How big of an oven do you need? There is actually considerable variation on this front, and while most people will never run into an oven too small, as the standard 4.2 cu.ft. is generally enough for everyone, you may find you require a large capacity, or in fact might be able to save money by scaling down. If you're an avid baker who regularly cooks for large groups of friends, you may want to look into a larger size. Here's a rough breakdown on what your needs might be:
- One to two people: 2 to 3 cubic feet
- Three to four people: 3 to 4 cubic feet
- Four or more people: 4+ cubic feet
Freestanding Ranges are standalone units which don't require custom cabinetry or construction. A freestanding range will come with a back guard since they are intended to be operated without the need of being placed against a wall.
Slide-In Ranges have a protruding "lip" on each side of the cooktop, that extends past the width of the oven located below it. In this configuration the cooktop actually rests on the counter with the "lip" being placed on the top of both the left and right counters while the oven is freestanding
Drop-In Ranges are designed to have a cooktop that protrudes past the oven below (like a slide-in range), but the oven below is not freestanding (unlike a slide-in range). It must have custom cabinetry.
Wall Ovens are built into the wall in your kitchen saving you space and all the while being easy to clean. They are available in single and double oven units.
Now that we've gone through the basic types of range, let's go through, define, and discuss the various features you might run across in your search for the perfect cooking solution.
You should expect these; any oven that lacks them is probably a cheap bargain-basement model and you want nothing to do with it.
- Multiple racks - Standard ovens come with two or more cooking racks; this lets you take advantage of all that space in there more efficiently. Multiple rack arrangements are often adjustable, meaning you can remove and add and adjust the levels as needed.
- Lock - An oven lock is especially helpful if you have small children in the house who are prone, as kids are, to get into places they don't belong. An oven is a bad place for a child to be, so locking it is a great safety feature.
- Broil - Broiling is cooking by exposing food to direct radiant heat, such as an open flame, live coals, or an electric coil, at much higher temperatures than roasting.

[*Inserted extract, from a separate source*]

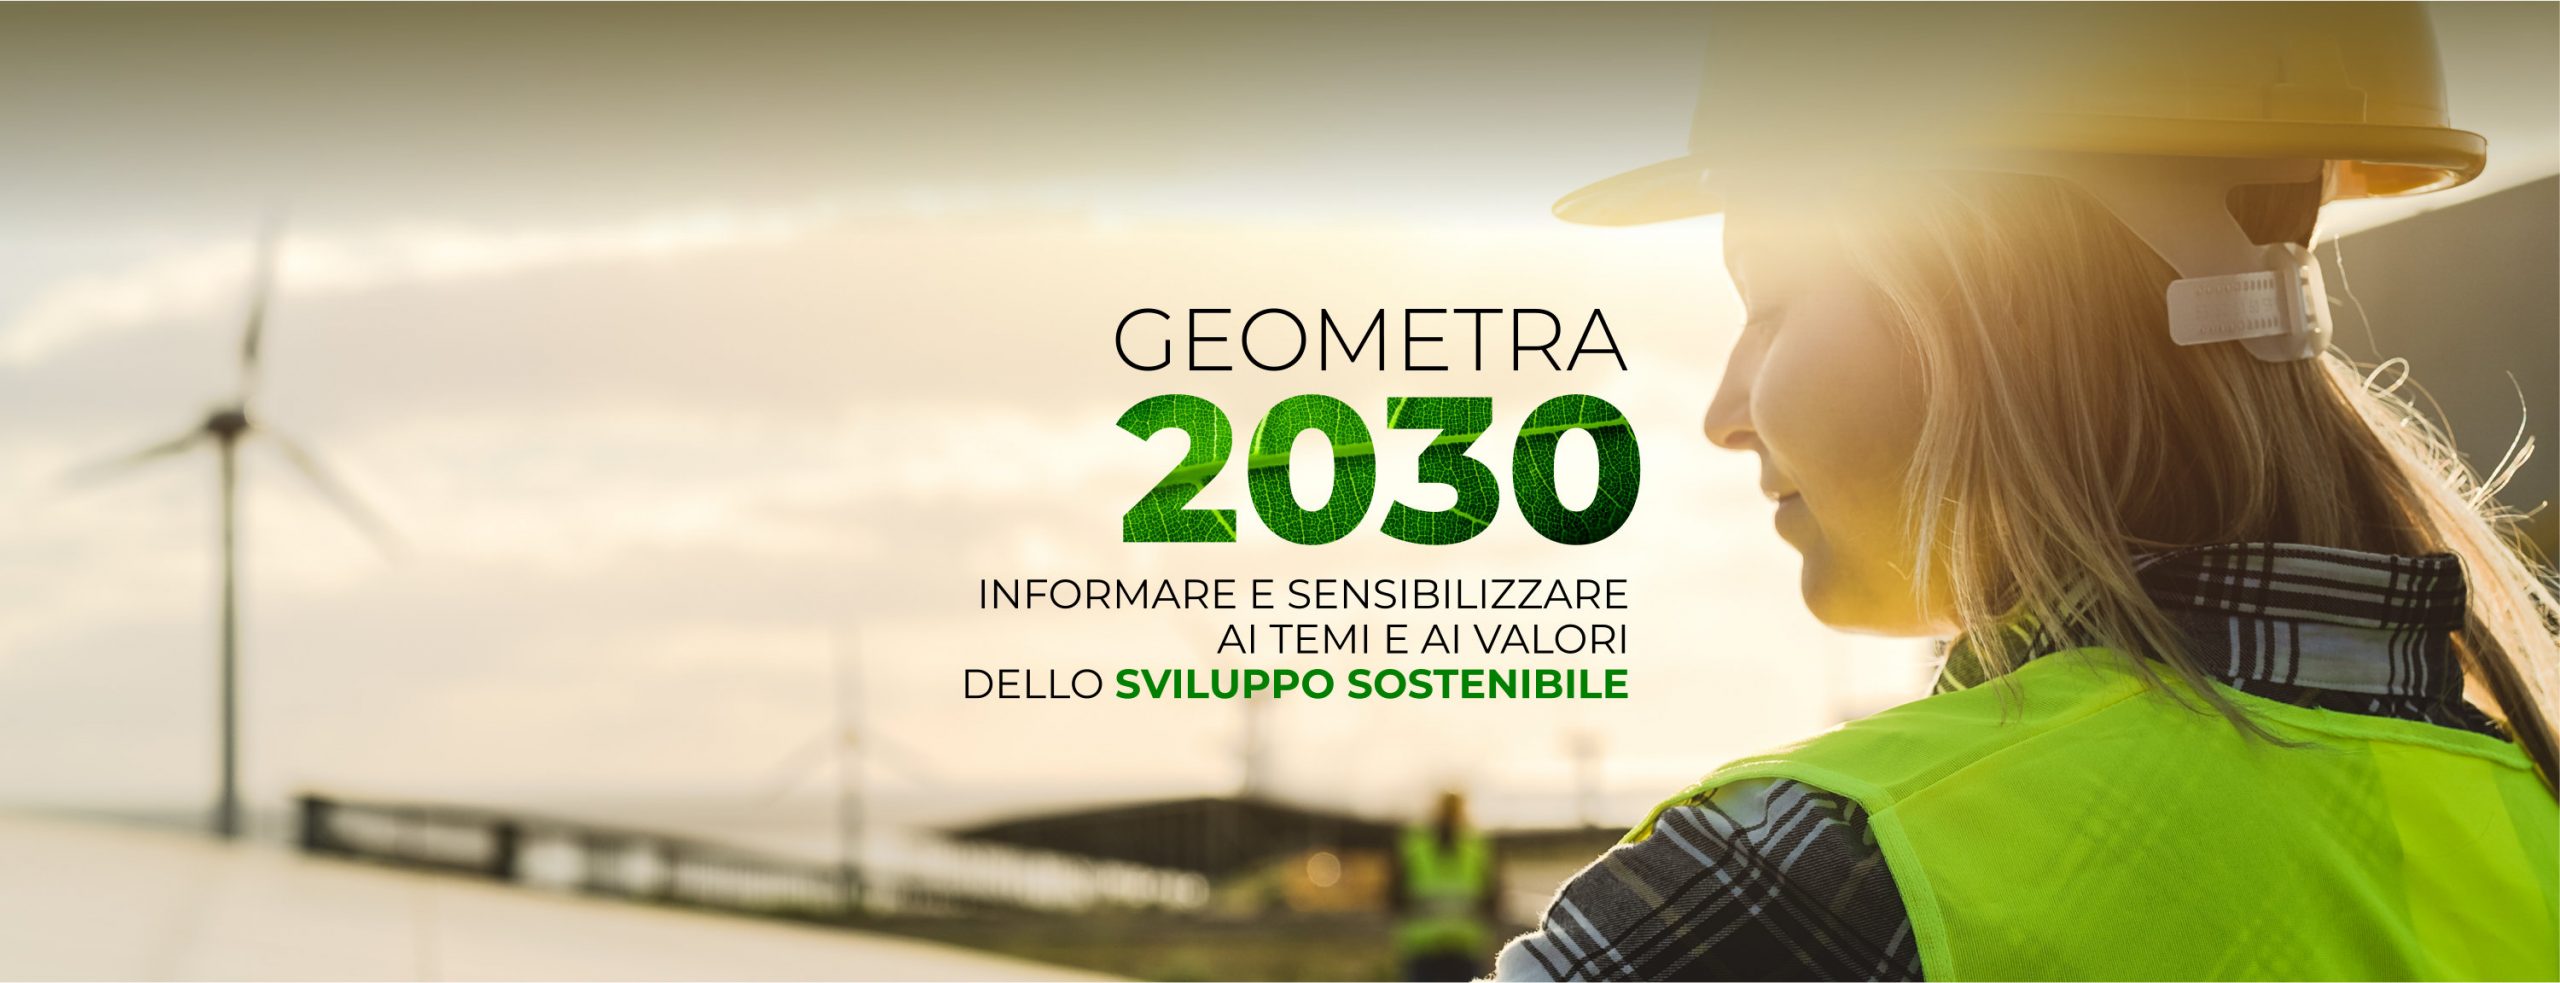 Geometra 2030

- Convection Convection ovens attempt to solve the "hot and cold" problem that has always plagued ovens by the use of a fan to blow and circulate the air and heat around the cavity, distributing heat much more evenly than conventional ovens. This means faster, more even cooking across the board, because all the food will be receiving roughly the same heat at the same time. That means your oven is more reliable to get the job to done.
- Steam Ovens/Steamers - A steam oven uses water from an inbuilt reservoir to create a cloud of steam within the oven chamber. The end result is food that hasn't dried out, easy cleaning, the retention of more flavor and color in vegetables and of nutrients in everything. However, steam cannot brown the outer skin of meat, so you can't achieve the crispiness you normally get with a traditional steamer. Some manufacturers, however, use dry heat to brown the skin, and then release the steam for the bulk of the cooking
- Hidden Bake Element = This feature places the heating element beneath the oven floor rather than leaving it exposed. This allows for a seamless, easy-to-clean oven
- Self-Cleaning - Self-cleaning ovens don't wash themselves down with suds, but they do provide a valuable service. They will self-heat their interior to an ultra-high 1000 F, reducing any food particles to ash, which you can sweep out with ease. While additional cleaning product might be required, self-cleaning ovens very rarely require a good scrubdown, making them some of the easiest to maintain and upkeep.
- Sabbath Mode - Observant Jews are prohibited to engage in any creative work on the Sabbath, running from sundown Friday to sundown Saturday. To make kitchen maintenance easier for these customer, some companies offer a sabbath mode, which keeps pre-cooked food warm until mealtime. Essentially sabbath mode deactivates automatic safety shutdown, allowing the Sabbath-observant to cook as needed without violating their religious obligations.
- Delayed Start - For the maximum in cooking control and flexibility, the delayed start feature allows you to pre-program cook times and temperatures. With this, you can program the oven to start cooking or begin preheating at a specific time. This is a great feature if you want the oven to be ready right when you get home from work.
- Broiling Drawer - Common in hidden bake configurations, a broil drawer is useful when the heating element isn't exposed, giving you access to broiling functionality without hindering the clean, seamless oven look. These function just like a regular broiler, and need to be monitored just as closely.
- Infrared Cooking - Like induction cooking in the cooktop category, infrared is a wild technology that promises to reinvent cooking by making it more direct. Similar to induction, infrared cooking removes the middle man. In traditional cooking, a heated element transfers heat to the air, which then transfers heat to the food. But infrared skips the air entirely, using a superheated element to emit infrared radiation -- which is entirely safe -- onto the food, heating it directly. This is the same way that the sun on your skin feels warm even when it's cold out; the infrared radiation of the sun is heating your skin itself, not the air.Infrared cooking reduces preheat time by 20%, and cooks dramatically faster, meaning the moisture has less time to cook off, leaving you with juicier food every time.